Mei is still thin and thin, with golden ion perm hair, duck egg face, a pair of bright and expressive round eyes, she smiled before she spoke, she looked elegant and generous, steady and noble, and in comparison, she seemed to have just come out of the countryside.
Especially I'm a clumsy person, I don't know how to talk about family life, although there are unspeakable surprises when I reunite after a long absence, but I don't know where to start? Fortunately, Mei is still so talkative, so lively and vivid.
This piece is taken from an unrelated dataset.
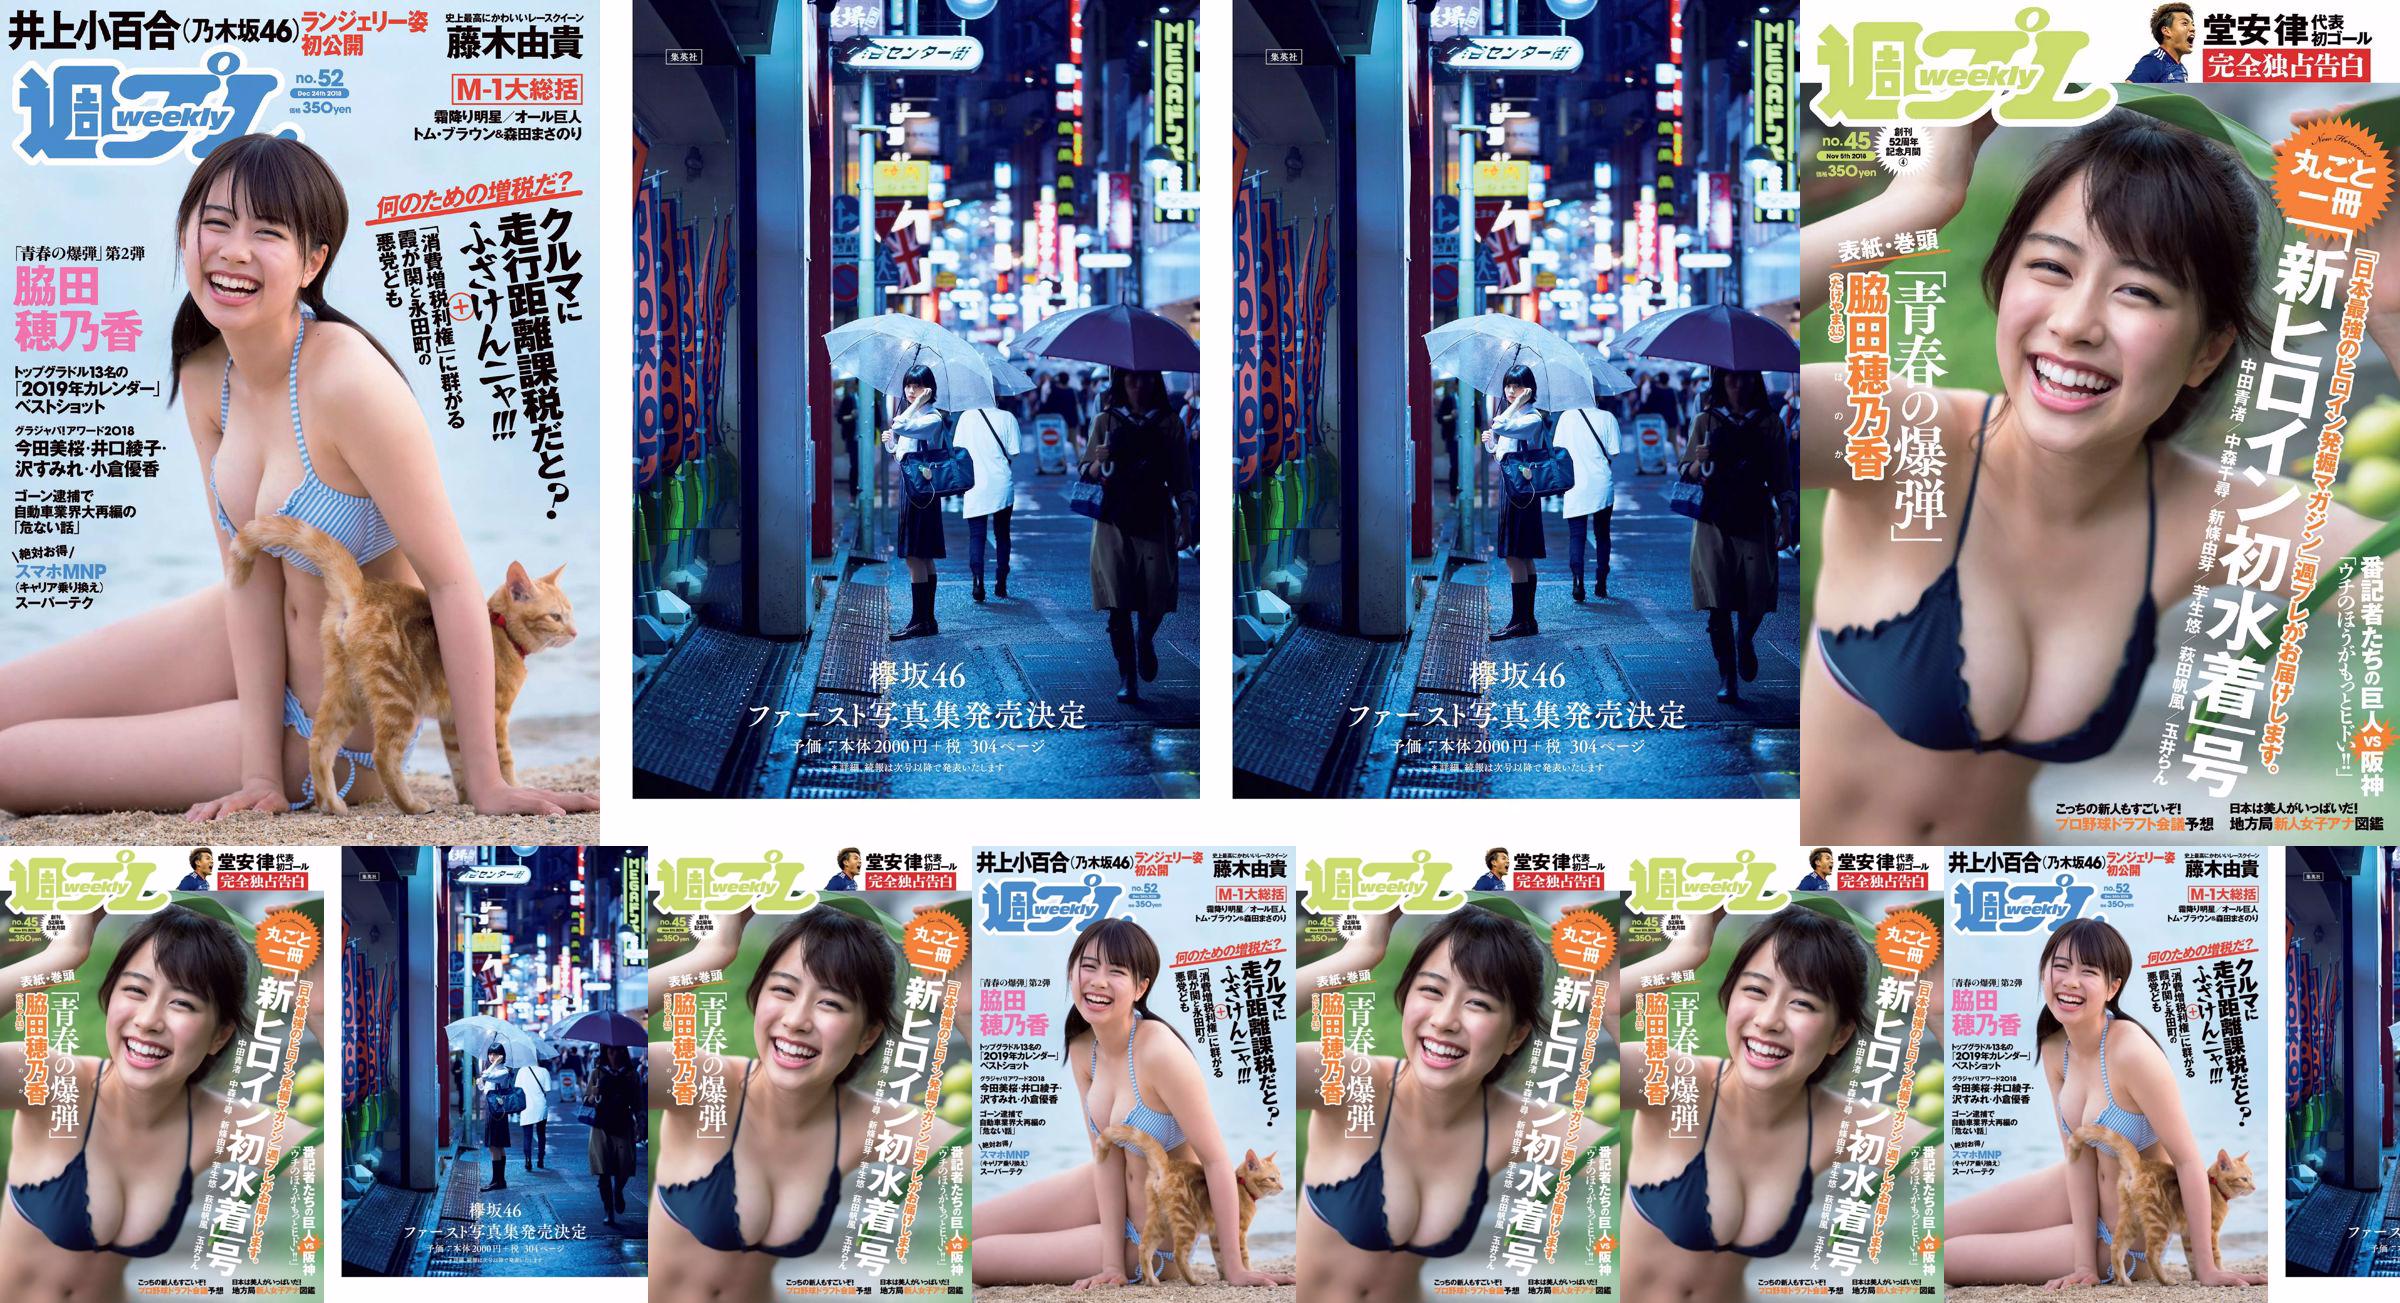 Wakada Honoka, Inoue Sayuri, Mizusawa Yuno, Fujiki Yuki, Koizumi Haruka, Kaito みらい, Tachiki Ayano [Weekly Playboy] นิตยสารภาพถ่ายฉบับที่ 52 ประจำปี 2018 No.57ae1d หน้า 1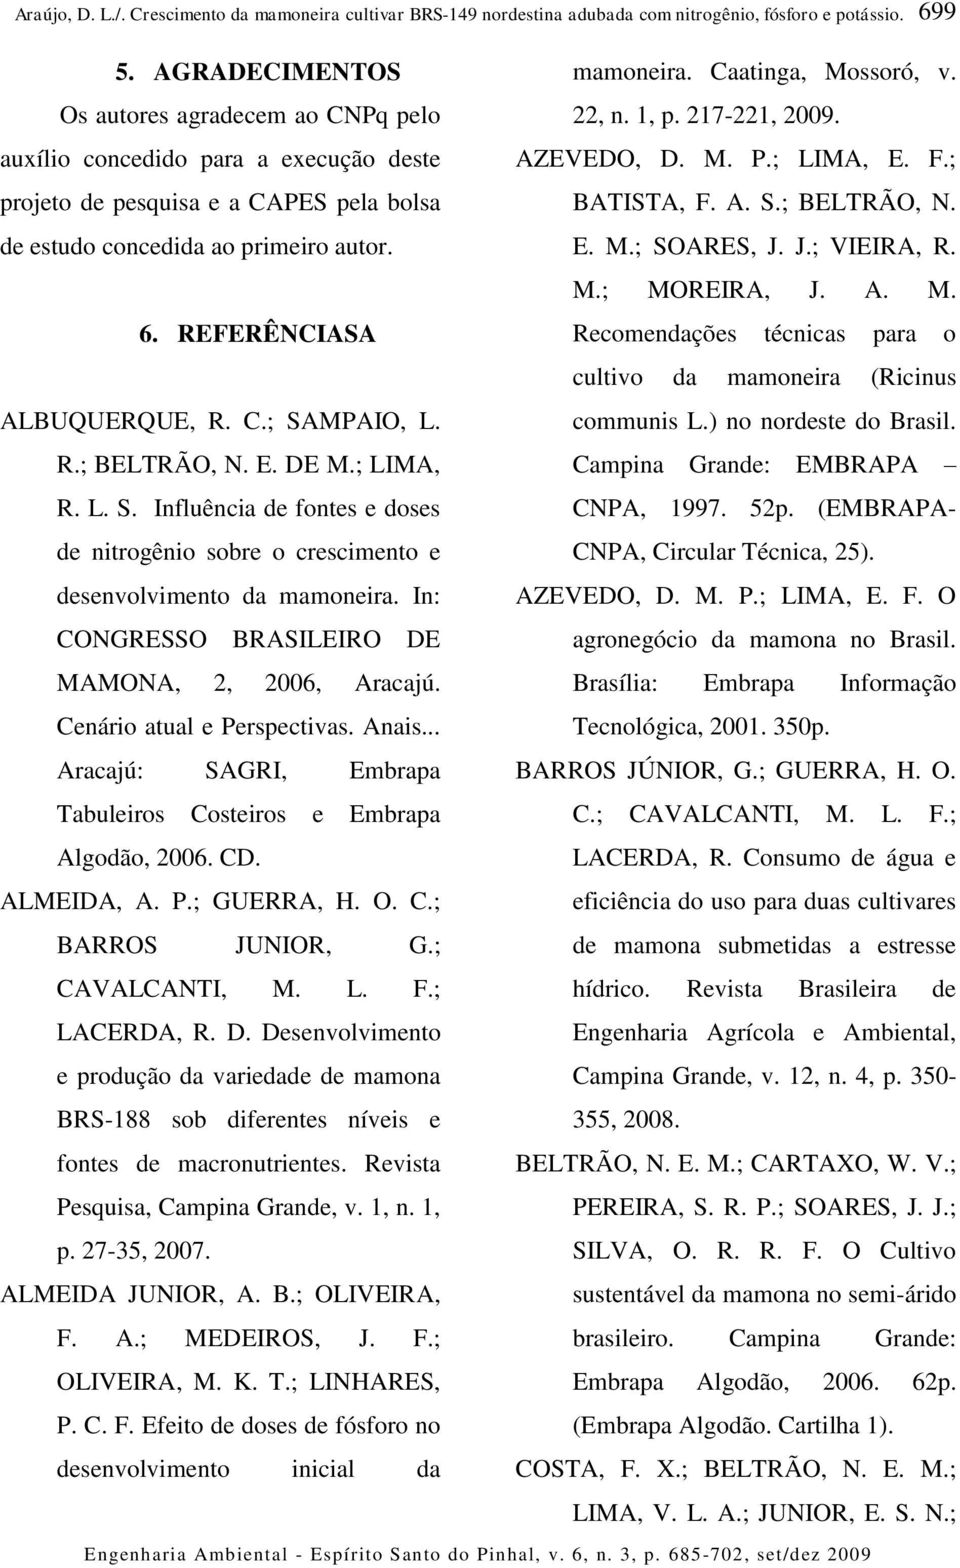 REFERÊNCIASA Recomendações técnicas para o cultivo da mamoneira (Ricinus ALBUQUERQUE, R. C.; SAMPAIO, L. communis L.) no nordeste do Brasil. R.; BELTRÃO, N. E. DE M.; LIMA, Campina Grande: EMBRAPA R.

She talked about many things together, I don't know how I felt, I thought of my brother in the countryside at once, anyway, suddenly I understood more clearly: in the countryside, it is natural and natural for parents to spoil their sons. She also has an unconscious brother in her family, or can she compare it to my brother?
It seems that no matter what you develop, people can never leave the family, especially unable to give up family affection, although there is too much helplessness, but there can only be helpless, there is really no other way!
That time, through the conversation with Mei, and what I saw and heard, I suddenly realized that I was like soaking in a honey pot, I have an understanding, tolerant, and deeply loved my husband, and it turned out that my husband was so outstanding (not appearance), it can be said that he is not only a good man who cares for his family, but also a good husband who is distressed and considerate of his wife, he can not only go to the kitchen, make my favorite dishes, but also earn money outside to support the family, he knows how to warm and romantic mood, and always does everything practically!
Originally, I thought that life was plain and peaceful, but I didn't know that this kind of plain and calm was so enviable and desirable. In any case, I am already in my forties and close to fifty years old, and many things should really be taken lightly.
Now that I have such a happy family, an impeccable husband, and a well-behaved, sensible, motivated daughter with unusual talents, what am I not satisfied with? How many of them can live as I am? Be content! I deserve to be content!
Suddenly, I am very grateful to God, and I am grateful to him for giving me such a good fate, such a beautiful and happy family and life!